Ever since I first saw this article I’ve been composing in my head a post about how this movie may be Marty’s story but it’s George’s arc. He was nervous enough to approach Lorraine in the diner (and yes, I love that moment where she first really sees him and how it’s essential, that moment, because it means there really was something there all along, that she wasn’t just manipulated into falling for George), and that was with a script in hand. Imagine how terrified he must’ve been to throw open that door and see BIFF there? And how easy it would’ve been to go away, not to provoke this bully. Biff is literally telling him “Just go away”-but he doesn’t. His quiet, shaky delivery of “No, Biff. You leave her alone”-his decency nearly reduces me to tears. Like, I feel proud of this completely imaginary character!

5/04/20 12:02pm


And thinking about it some more, not only has the script changed from Marty to Biff being there, from a staged confrontation whose outcome is pre-determined but a very real and terrifying and violent one-Biff is about rape Lorraine-but George has everything to lose from not “just going away,” from making a stand. At the very least he will be beaten up. And that’s what makes his reaction all the more extraordinary-he stands up for Lorraine simply because it’s the right thing to do.
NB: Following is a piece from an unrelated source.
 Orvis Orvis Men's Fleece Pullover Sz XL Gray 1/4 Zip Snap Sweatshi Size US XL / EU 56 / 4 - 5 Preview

Because that’s the kind of guy he is.

And part of me was thinking last night-a major result of Marty’s actions in the past is that his present is much improved. He gets back to the future and finds that his parents are openly loving, openly happy with their lives, the house is nicer, the siblings are more successful (leaving aside the movie’s implicit snobbery and sexism re: the siblings, hey, it was the ‘80s)-but the main thing that drove this was because George in this timeline is a successful novelist. George’s choice to stand up for Lorraine because it’s the right thing to do somehow empowers him to do something with his writing, to pursue this as a vocation. Previously he’d been a writer in secret-now he is unafraid, he’s published, now he is living his truest self, because being a writer is also the kind of guy he is. Which makes me wonder-what if Marty instead of just introducing a new timeline-what if Marty fixed the timeline? Maybe this was meant to be the life George was supposed to be living all along? Maybe Marty was supposed to go back in time?
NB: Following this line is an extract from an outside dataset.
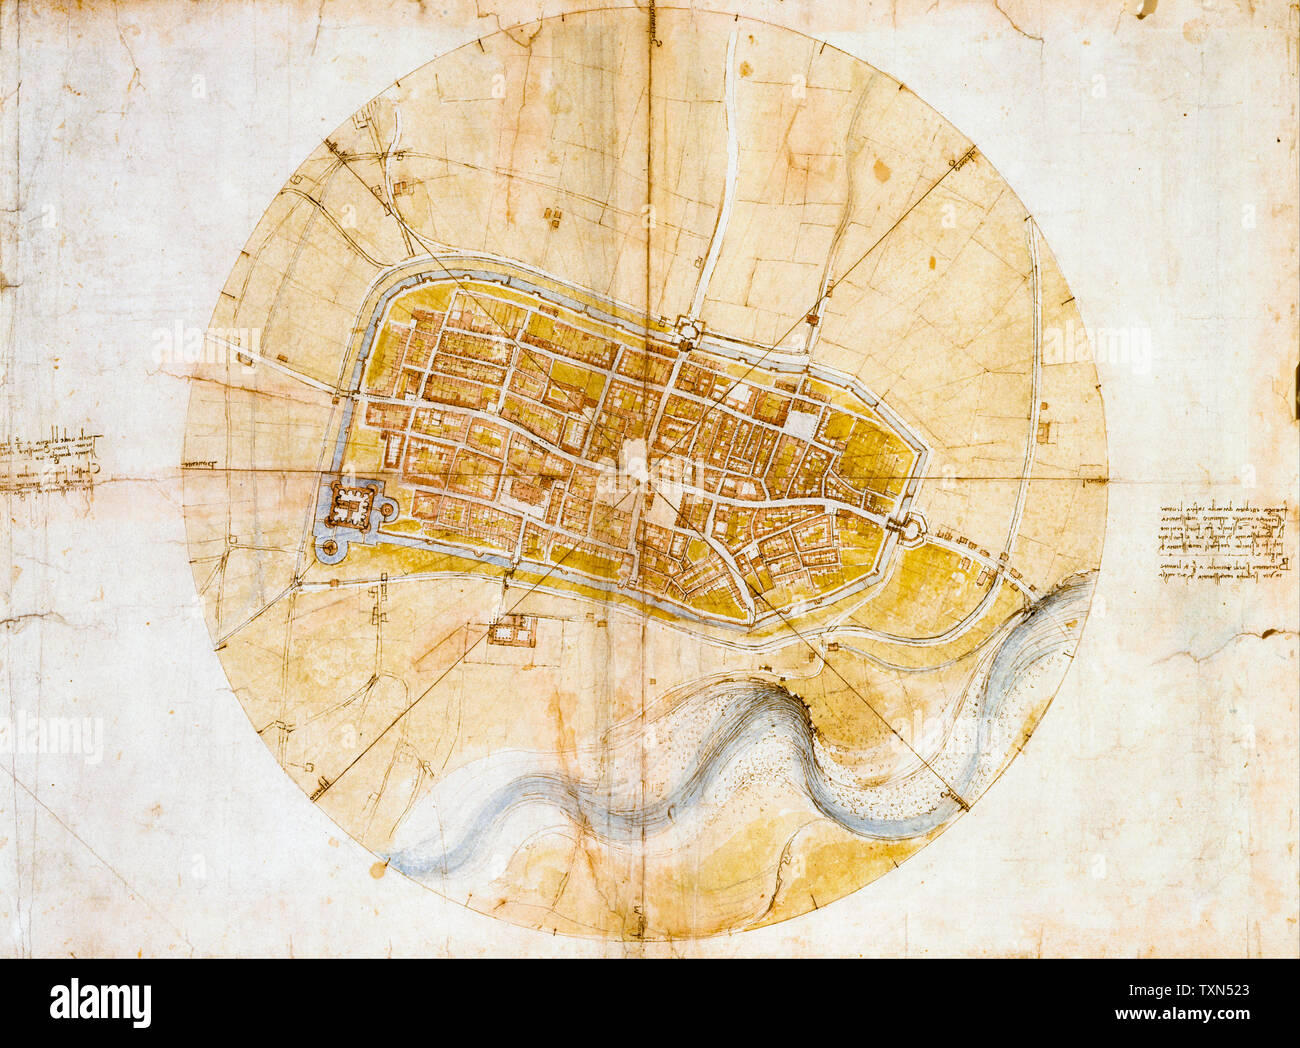 Leonardo Da Vinci, Map of imola, drawing, 1502 Stock Photo

And I’ve been turning it over in my head and one thing that occurred to me was-okay, in the original timeline, George and Lorraine somehow got together because “Grandpa hit him with a car”? And then they went to the Enchantment Under the Sea dance? We can imagine Biff did not take this lightly, that he was still in the background, making things difficult, but in the original timeline George never stood up to him, never said back off (leaving aside the assumption that it should’ve been George to say back off-again, it’s an ‘80s movie, there’s a lot left unexplored about rape and harassment). So George and Lorraine mature, become adults, and meanwhile there’s this looming presence in their lives-BIFF. Biff, who continues to act as though he’s entitled to George’s intellect, attention. He dents George’s car, he makes the same homework-y demands on George, and George simply does not have the skills to stand up to Biff.

Then Marty is introduced to the timeline-and how much do I FUCKING love that Marty is completely unafraid to stand up to Biff. God, I want to CHEER in the cafeteria when he rears back, about to pop Biff in the face. He is at least a head shorter than Biff!!! I am a small person, I fucking LOVE that small Marty is unafraid. He takes him on on the cafeteria, stopping him from harassing Lorraine because it’s the right thing to do, and then later trips him in the diner and humiliates him with the scooter-turned-skateboard. Someone else on this board called him a hothead-sure, he is that. But he’s also modeling for George how to stand up for yourself.

And what I mean to imply is not so much fatalism, as in, it was “always” meant to be this way. But more-this is the person George always should’ve been. Because this is who George is. And Marty had to unlock that for him.

I swear, this all is more thinking about BTTF than I’ve done in 30 years. But all classic cinema, even pop cinema, is worth revisiting. If it touched us-there’s a reason why. And BTTF is uniquely well-crafted.